Подобная аффирмация фактически означает радикальный возврат к забытым представлениям фотографов первого поколения, к основам практики. Это воспоминание о том, что фотография в своей чистоте - элементарный механизм бессубъектно-механической репрезентации, лишь косвенно нуждающийся в участии человека, по сути своей не имеющий к нему отношения. В фотоснимке создается первая копия визуальной реальности, ее ничем не предшествуемое (кроме самой реальности) отражение. Можно даже сказать, что так появляется на свет сам оригинал репрезентации - до какого угодно субъективного акта творчества или функциональной специализации деятельности. Какое бы кредо ни избирали фотографы в тот или иной момент истории, в следующем поколении их верования изживают себя, и все возвращается к этому незыблемому основанию. Фотография и натура соединены напрямую, без опосредования, поэтому фигура фотографа никогда не сможет окончательно избавиться от своей анонимности, а принцип непосредственности, верности "натуре" никогда не сможет быть отменен.
Появившись на свет, фотография механически, сверхчеловечески, интенсифицировала зрение, показав человеку мир таким, каким он его прежде не знал. Ее естественной прерогативой стало настойчивое расширение видимого горизонта, введение в зрительные пределы областей запретного или невидимого.
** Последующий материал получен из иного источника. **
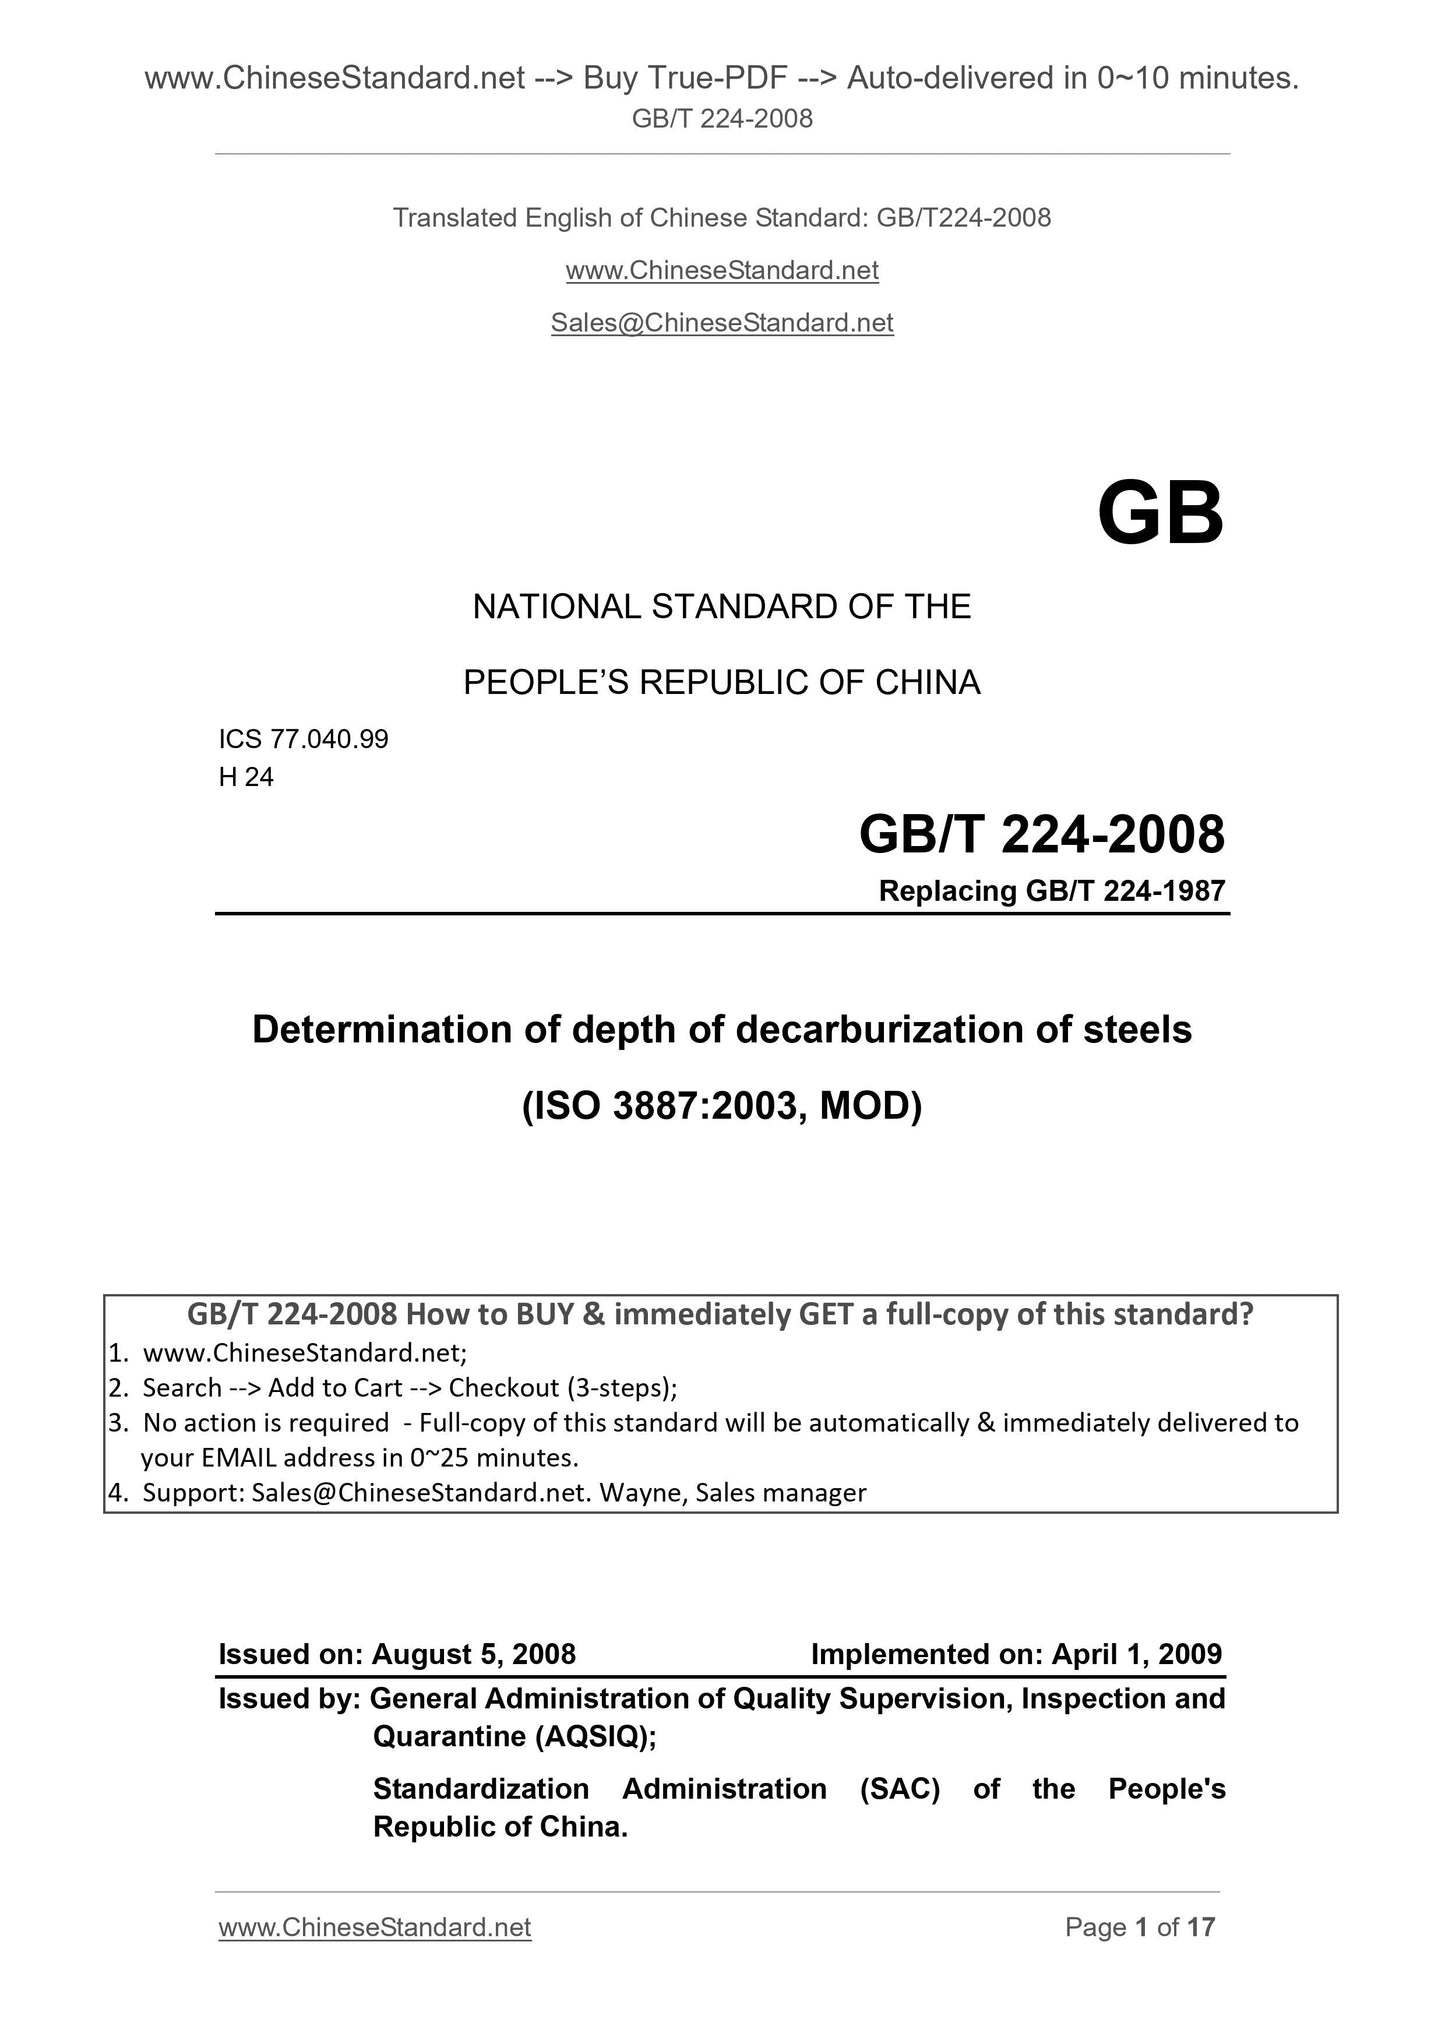 GB/T 224-2008 Page 1

В этом причина двойственного отношения к фотографии, притяжения к ней и отторжения от нее. Картина мира, которая открывалась в механическом изображении была лишена человеческой одухотворенности, а потому и "подлинного сходства с жизнью". В рамках гуманизма девятнадцатого века такая картина никогда бы не смогла стать приемлемой. Пикториальный тип репрезентации, попытался "гуманизировать" фотографию отождествив ее с искусством - и тем самым вышел за свои естественные границы. Способствуя развитию фотографии, он одновременно лишил ее прямых возможностей реализации. Фотохудожники превратились в род секты, за пределами которой шло бурное развитие медиума, стимулировавшееся разнообразными общественными потребностями внеэстетического характера. Развивалась техника, стало общей нормой использование фотографии в прессе, а само фотографирование, теряя магическую ауру, обратилось в популярное занятие. Не говоря уже о том, что существовало большое количество фотографов-любителей, которые не показывали свои работы на выставках, не входили в общества и не публиковали манифестов, но тем не менее инстинктивно использовали камеру как инструмент объективного комментария по поводу реальности.
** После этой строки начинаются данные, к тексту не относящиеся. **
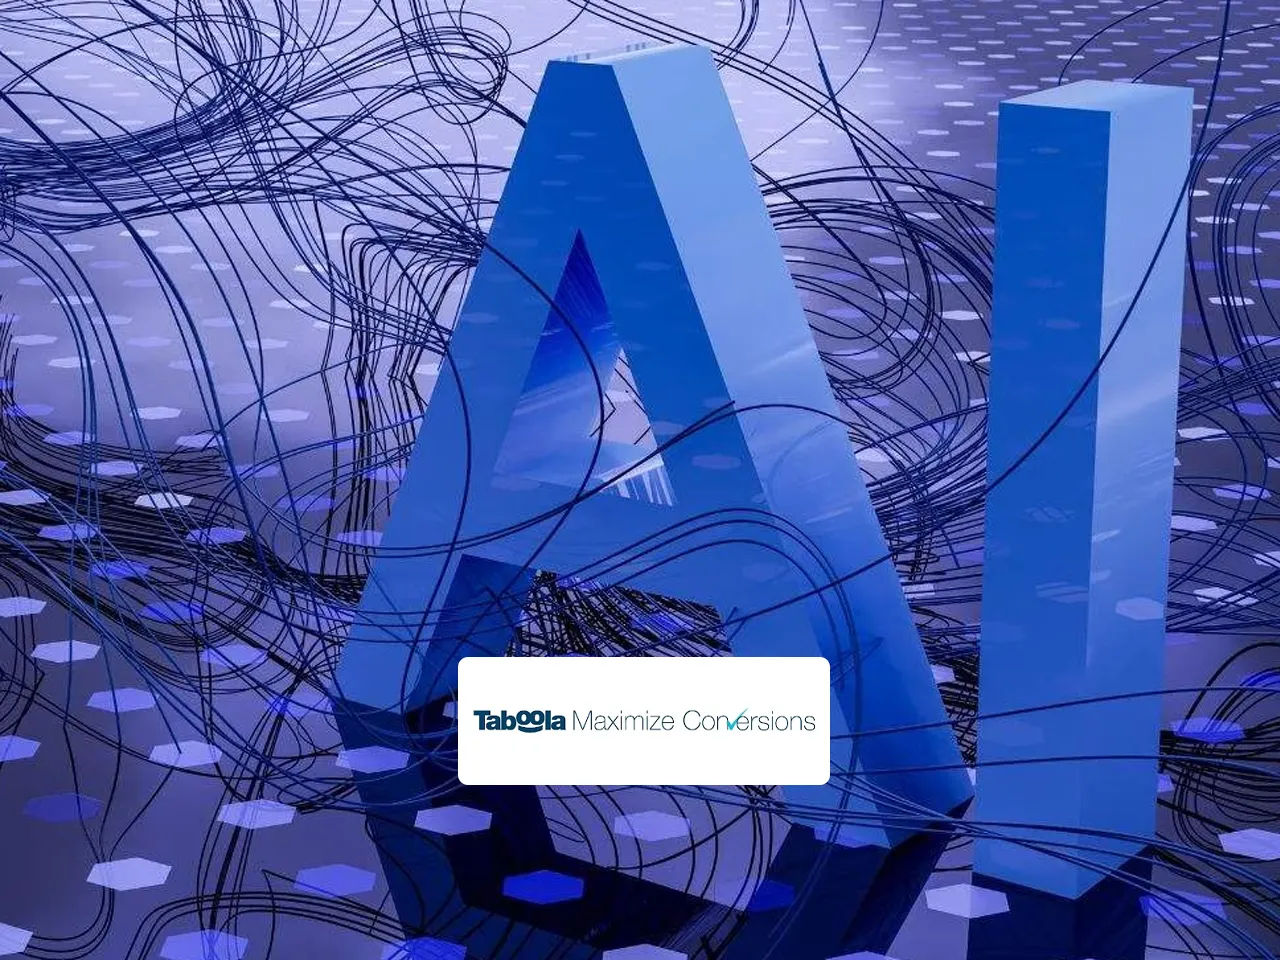 Taboola brings AI advancements to its conversions technology

Война радикализировала характер перемен. Она потрясла сами основы европейского гуманизма, неопровержимо продемонстрировала внечеловечность исторических законов, физический, механический характер движущих сил. Она была одноприродна фотографии. Поэтому, вопреки цензуре, фотография смогла показать обществу картину массового уничтожения с невообразимой жесткостью и полнотой. Общество было глубоко шокировано войной, поэтому приняло фотографию. Страстно поверив в ее объективную бесстрастность, пропустив в порыве своей новой страсти то обстоятельство, что выбор ракурса такой объективности как всегда находится в полном распоряжении человеческой субъективности. И быстро сконструировало из новых верований очередную, еще более тотальную идеологию.
Благодаря своим фотоотражениям, мир вновь предстал предметом незнакомым: зловещим или удивительным, но в любом случае неудержимо влекущим. В этой точке лежит новый тип притяжения, складывающийся между фотографией и искусством. Если прежде фотография стремилась подняться на уровень искусства, то теперь искусство параллельно с фотографией отыскивает свои позабытые основания. Экспериментирующий художник-авангардист утверждает первичность непосредственного опыта и видит в фотографии чистое, не обремененное субъективно-человеческими условностями средство, которое по-новому открывает ему доступ к реальности, позволяет соединить пределы абстракции и предметности. Так в 1918 году цюрихский художник-дадаист Кристиан Шад возрождает фотомонтаж, а также начинает делать абстрактные рисунки, технически однородные "фотогеническим рисункам" одного из отцов фотографии Фокса Талбота. Названные Тристаном Тцарой "шадографиями", они в дальнейшем приводят к возникновению "райографий" Ман Рея и фотограмм Мохой-Надя. Молодые авангардисты используют фотографию в рамках собственных подходов и интересов. Фотография вновь обретает статус искусства. На этот раз за счет изначально заложенного в ней потенциала и благодаря самим художникам.
Похожие статьи:
Происхождение
Истоки оперетты уходят в глубь веков. Уже в экстатических античных мистериях в честь бога Диониса, которые считаются прообразом европейской драмы, можно выявить некоторые жанровые признаки оперетты: сочетание музыки с пантомимой, танцем, ...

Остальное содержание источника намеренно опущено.